High-Efficiency Adaptive-Current Charging Strategy for Electric Vehicles Considering Variation of Internal Resistance of Lithium-Ion Battery

Abstract

This paper outlines a battery charging strategy to reduce charging losses in a lithium-ion battery for electric vehicles. The proposed charging strategy utilizes an adaptive current profile based on variations of the battery internal resistance as a function of the state of charge and the charge rate. To address the problem of finding the optimal current set for the proposed strategy, an evolutionary algorithm, which is a type of stochastic approach, is applied. A strategy for selecting the optimal number of charging intervals is also presented to reach a compromise between loss reduction and computational burden. Experimental results obtained using 34-Ah lithium-nickel-manganese-cobalt-oxide battery cells have proved that the proposed charging strategy decreases the charging loss of the battery cell by 40.1% compared with a conventional constant-current charging strategy.

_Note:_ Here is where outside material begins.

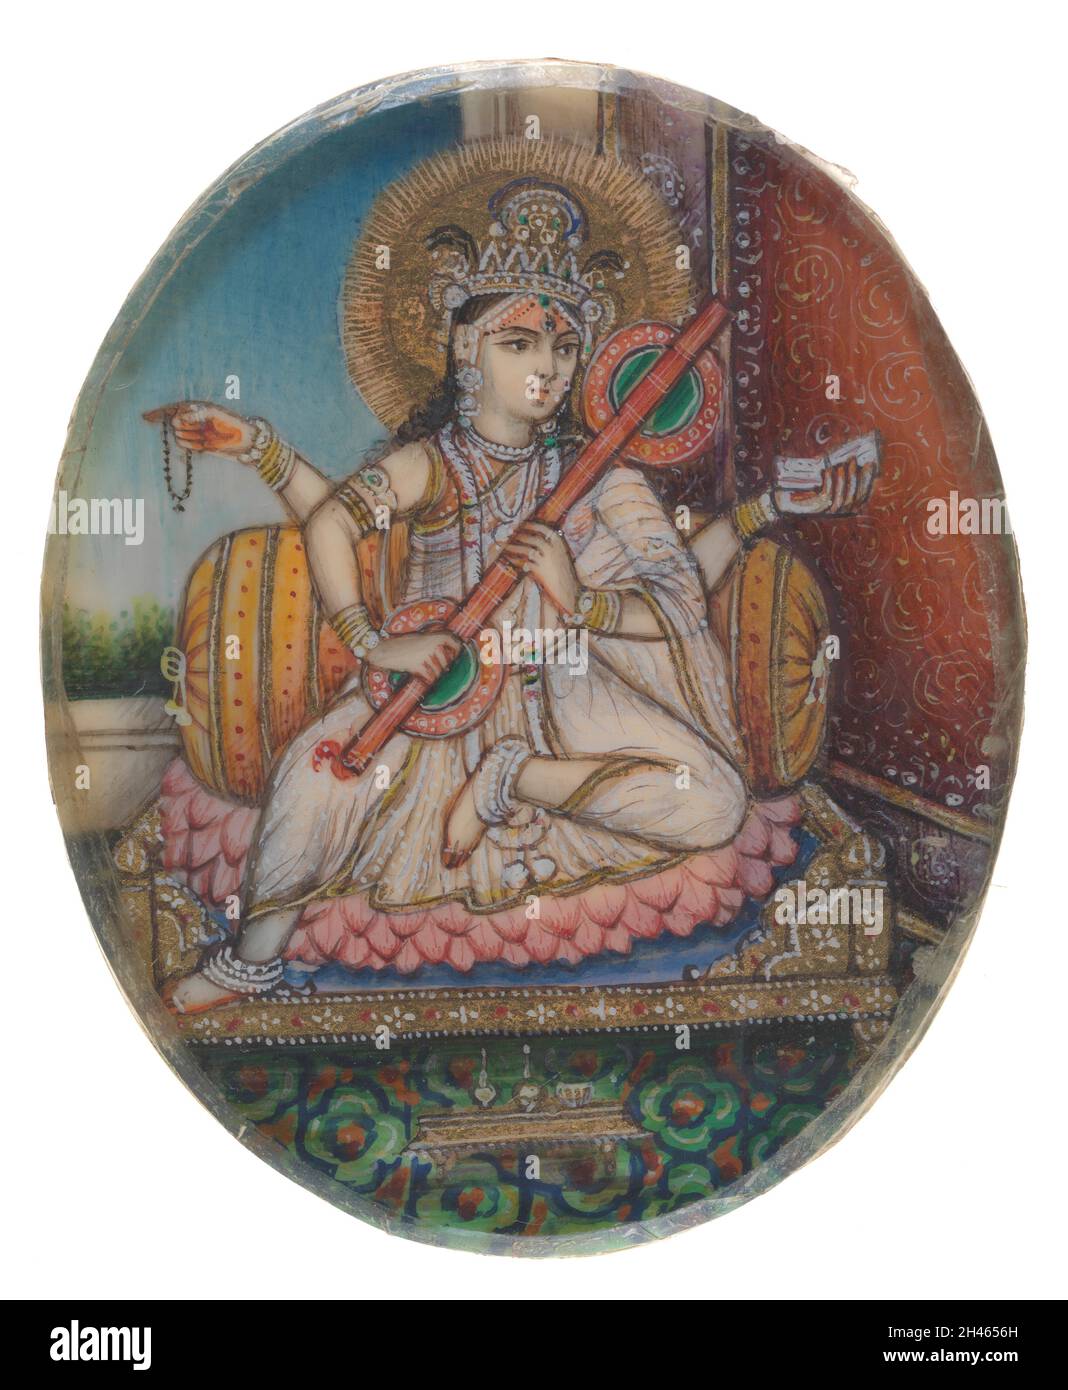 Saraswati, la déesse hindoue de l'apprentissage et de la connaissance et la femme de Brahma.Peinture de gouache par un artiste indien. Banque D'Images

Furthermore, a 3.3-kW on-board charger prototype has been built to investigate the total loss reduction in an electric vehicle charging system that includes a 12-kWh battery pack. The proposed adaptive-current charging strategy reduces the total charging losses including both battery loss and charger loss of electric vehicles by 7.2%, 11.2%, and 21.2% in charging systems with power ratings of 3.3 kW, 6.6 kW, and 13.2 kW, respectively. These improvements can have the same effect as increasing the charger efficiency from a minimum of 0.50% to a maximum of 3.72% in our analysis range of 3.3-52.8 kW.